PROJECT SUMMARY / ABSTRACT Currently approved immune checkpoint inhibitors (ICIs) have revolutionized cancer therapy. However, most patients do not respond to these treatments because of primary or acquired resistance. Identifying new immune regulators and developing therapeutics targeting such molecules is a current focus in immuno-oncology. We have found that the secreted phospholipase A2 PLA2G2D is highly expressed in various human tumors and positively correlated with that of classic checkpoints such as CTLA-4, PD-1, and PD-L1. PLA2G2D potently diminishes dendritic cell function, suppresses T cell activity, and promotes macrophage M2 polarization. Accordingly, studies using genetically-engineered loss- or gain-of-function mice demonstrate that PLA2G2D strongly enhances tumor growth, indicating that PLA2G2D is a novel, targetable checkpoint for tumor immunotherapy. We have generated more than 700 anti-PLA2G2D monoclonal antibodies, and using a series of in vitro biochemical and immune cell functional assays we have identified 39 leading function-blocking candidates. This proposal seeks to evaluate the anti-tumor efficacy of the 5 most functionally potent drug candidates (which do not cross-react with mouse PLA2G2D), alone and in combination with existing ICIs, using syngeneic tumor models in transgenic PLA2G2D-humanized mice. We will also assess how anti-PLA2G2D changes the tumor immune profile and histologically evaluate PLA2G2D protein expression in various human tumors using our drug candidate (Aim 1). The best drug candidate identified in Aim 1 will then be subjected to non-GLP maximum tolerated dose toxicity and toxicokinetic evaluation in cynomolgus monkeys (Aim 2). Collectively, the successful execution of this proposal will enable us to nominate our final lead molecule and begin IND-enabling studies as part of a follow-up phase II SBIR proposal. Ultimately, an efficacious therapeutic anti-PLA2G2D antibody will comprise a new treatment for patients resistant to currently available ICIs.

项目总结/摘要 目前批准的免疫检查点抑制剂（ICI）已经彻底改变了癌症治疗。但大多数 由于原发性或获得性耐药性，患者对这些治疗没有反应。识别新的免疫 调节剂和开发靶向这些分子的治疗剂是免疫肿瘤学的当前焦点。我们 已经发现分泌型磷脂酶A2 PLA 2G 2D在各种人类肿瘤中高度表达， 与经典检查点如CTLA-4、PD-1和PD-L1正相关。
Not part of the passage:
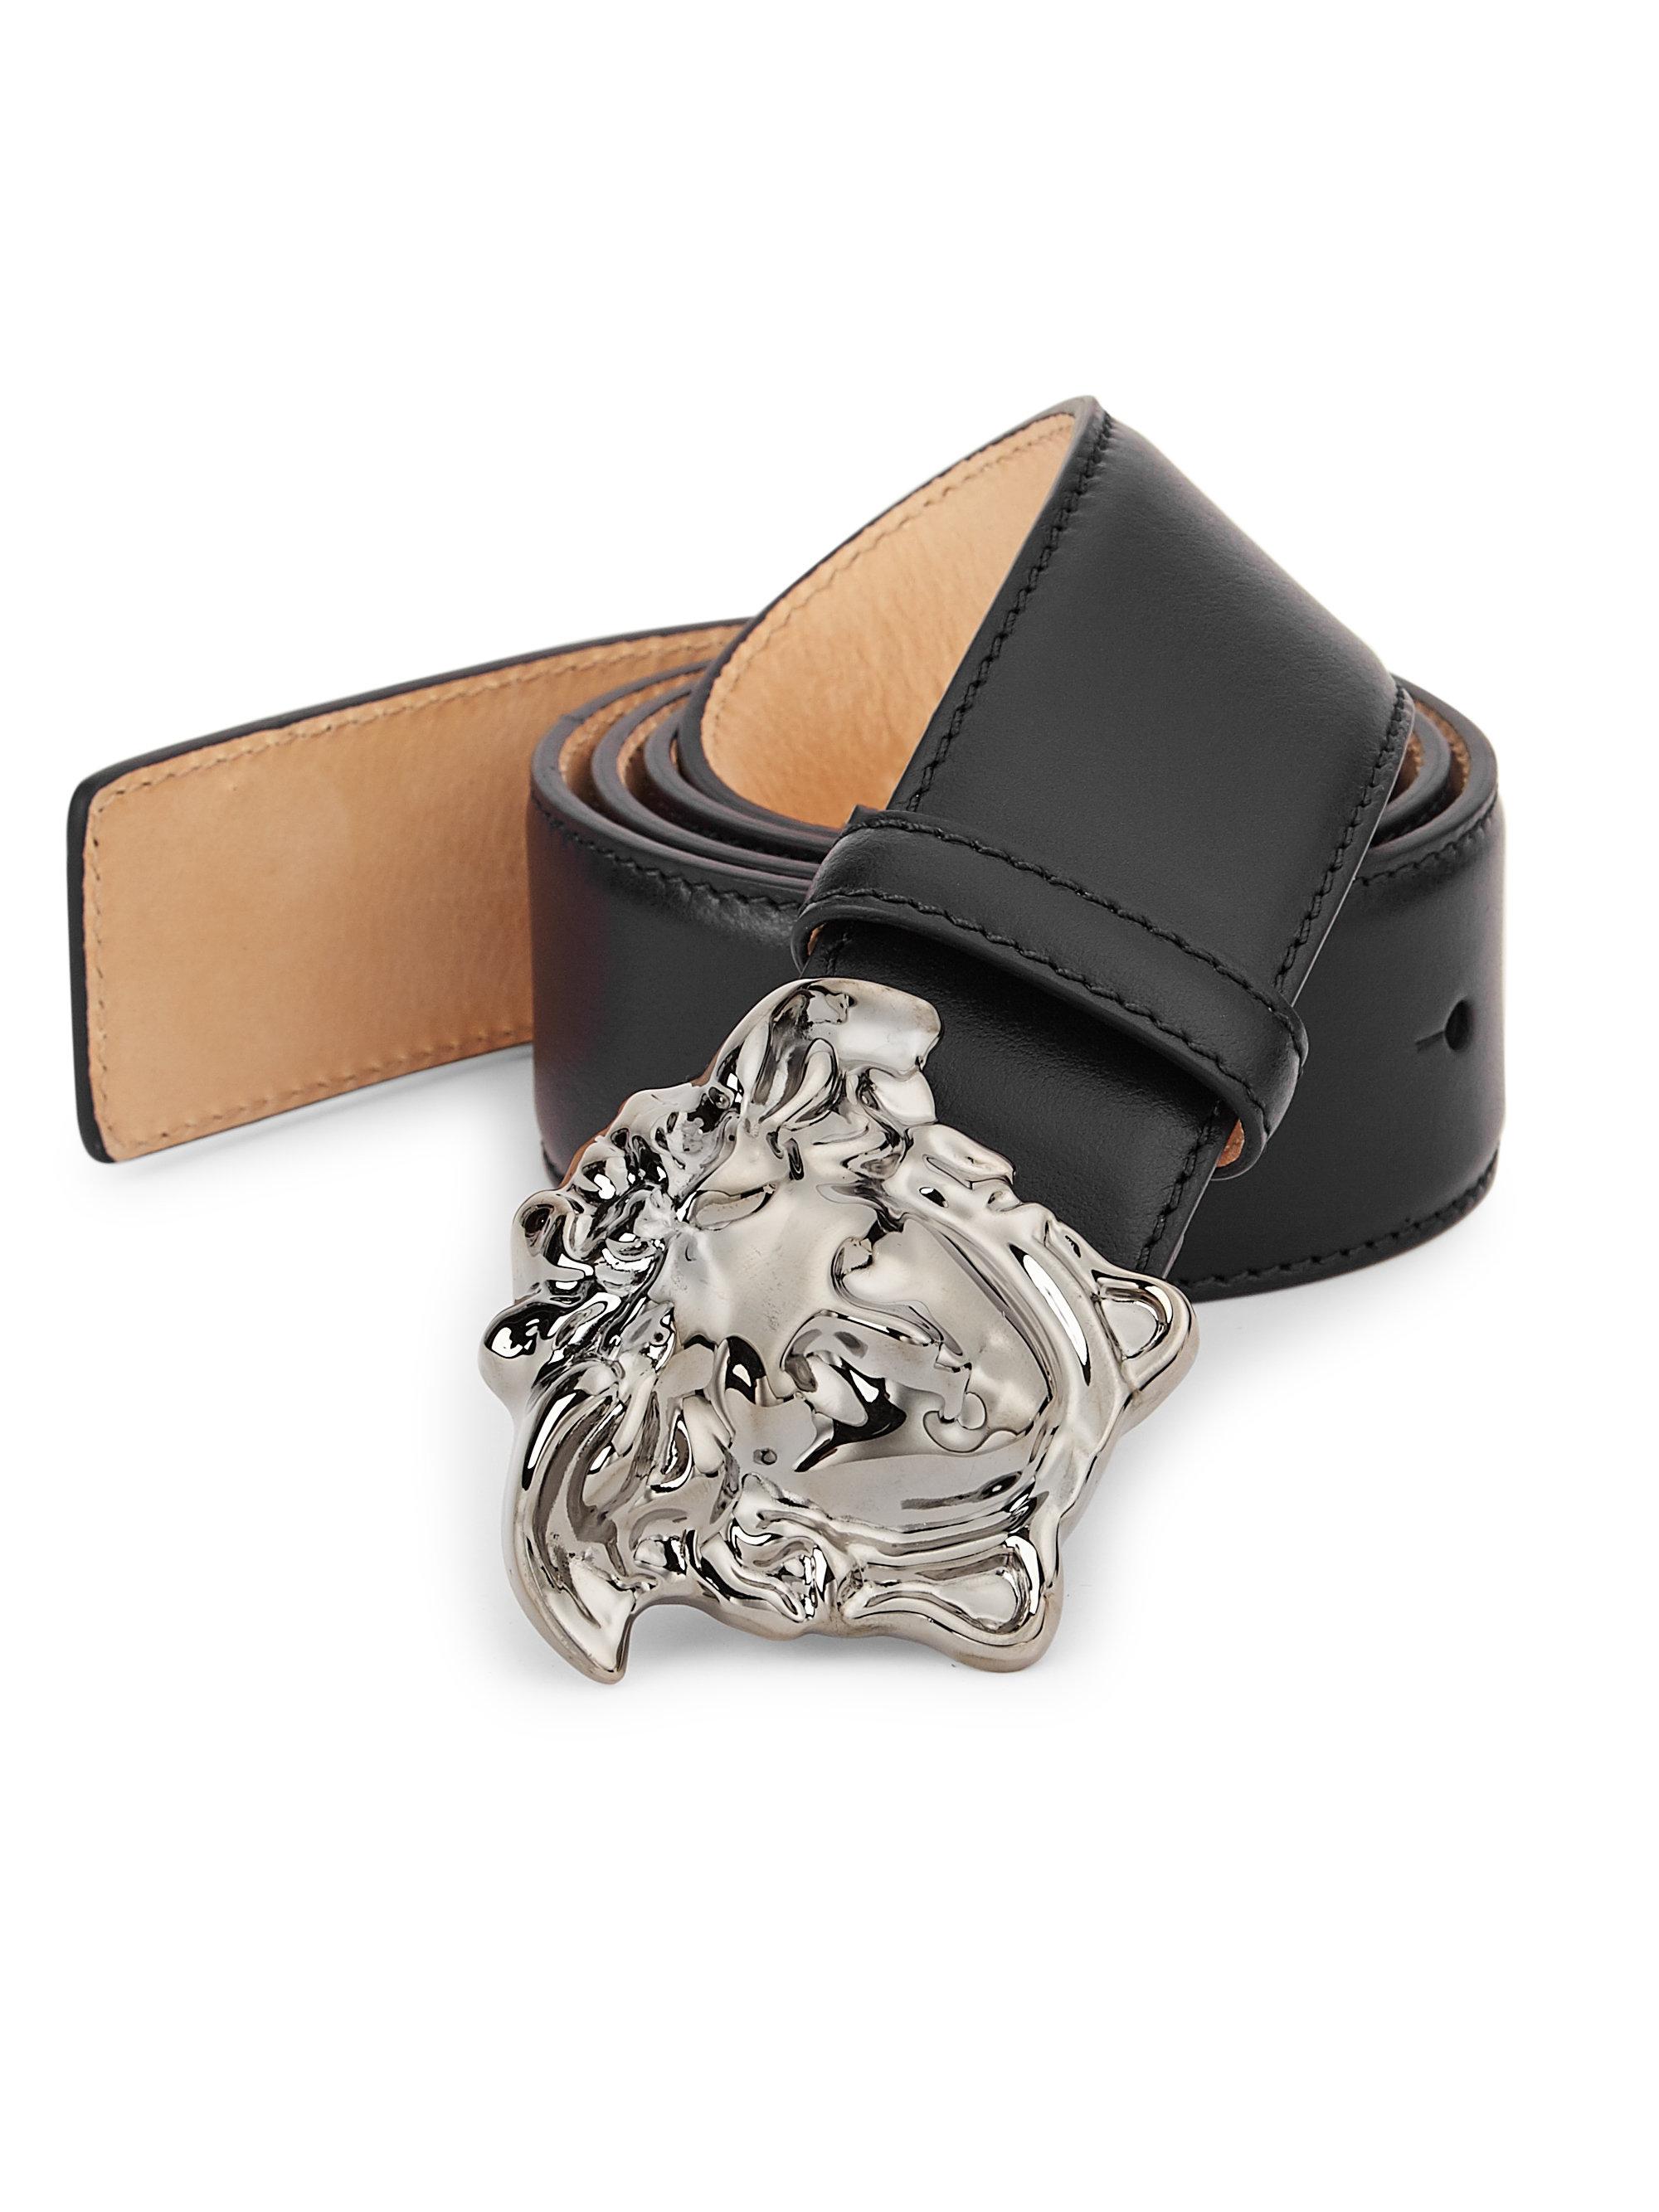 Versace Medusa-buckle Leather Belt in Black for Men - Lyst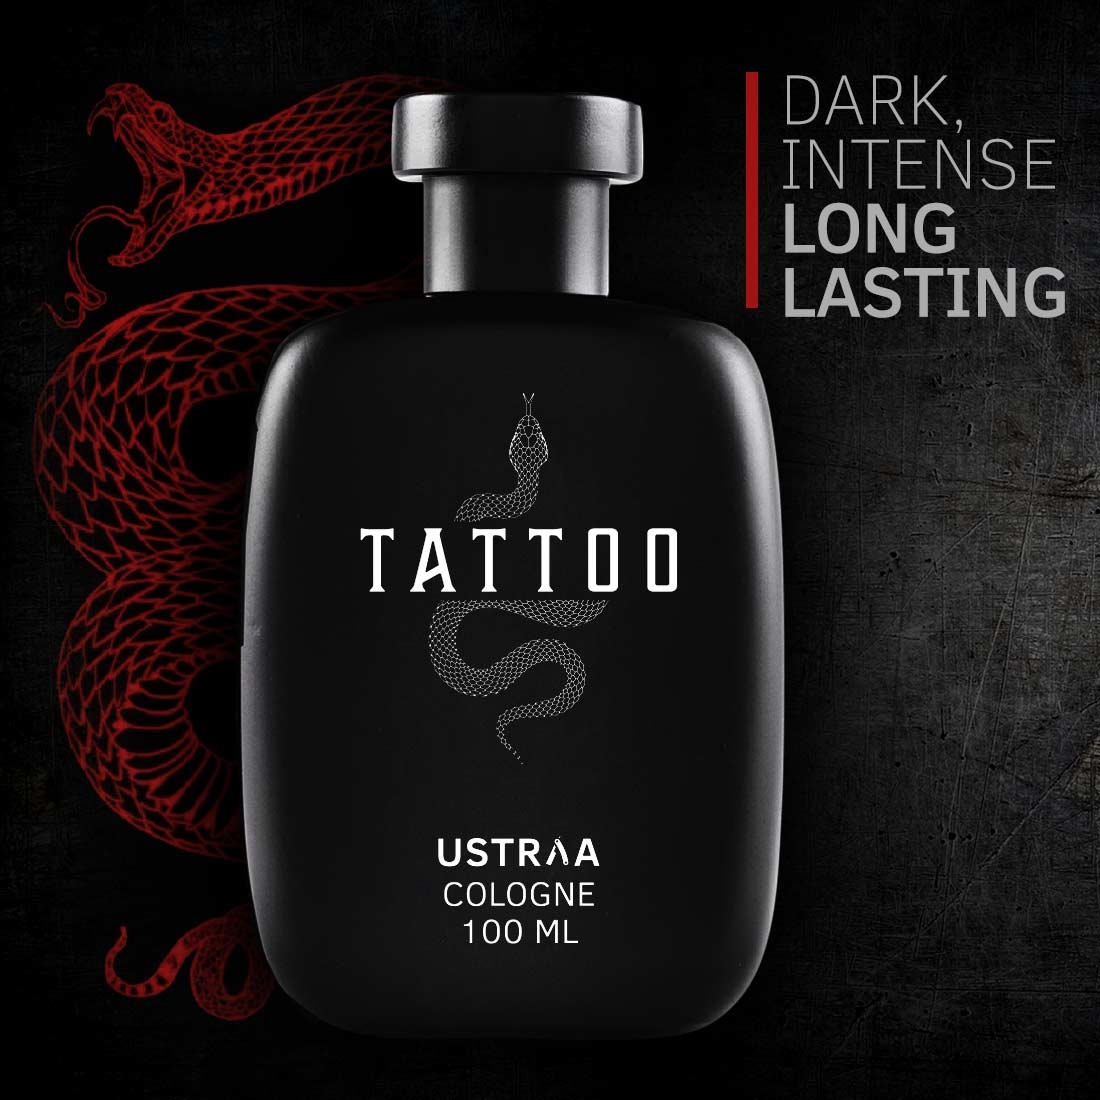 Ustraa Ayurvedic Beard Growth Oil -100ml & Cologne Tattoo - 100ml- Perfume for men

PLA 2G 2D强效 减少树突细胞功能，抑制T细胞活性，并促进巨噬细胞M2极化。 因此，使用基因工程改造的功能丧失或获得小鼠的研究表明，PLA 2G 2D 强烈增强肿瘤生长，表明PLA 2G 2D是一种新的、可靶向的肿瘤检查点。 免疫疗法。我们已经产生了700多个抗PLA 2G 2D单克隆抗体，并使用一系列 在体外生化和免疫细胞功能测定中，我们已经确定了39种主要的功能阻断剂， 候选人该提案旨在评估5种功能最强的药物的抗肿瘤疗效 候选物（其不与小鼠PLA 2G 2D交叉反应），单独和与现有ICI组合，使用 转基因PLA 2G 2D-人源化小鼠中的同基因肿瘤模型。我们还将评估抗PLA 2G 2D 改变肿瘤免疫谱和组织学评估PLA 2G 2D蛋白在各种人中的表达 肿瘤使用我们的候选药物（目标1）。目标1中确定的最佳候选药物将接受 食蟹猴非GLP最大耐受剂量毒性和毒代动力学评价（目的2）。 总的来说，该提案的成功执行将使我们能够提名我们的最终铅分子， 开始IND赋能研究，作为后续II期SBIR提案的一部分。最终，一种有效的治疗方法 抗PLA 2G 2D抗体将构成对目前可用的ICI具有抗性的患者的新治疗。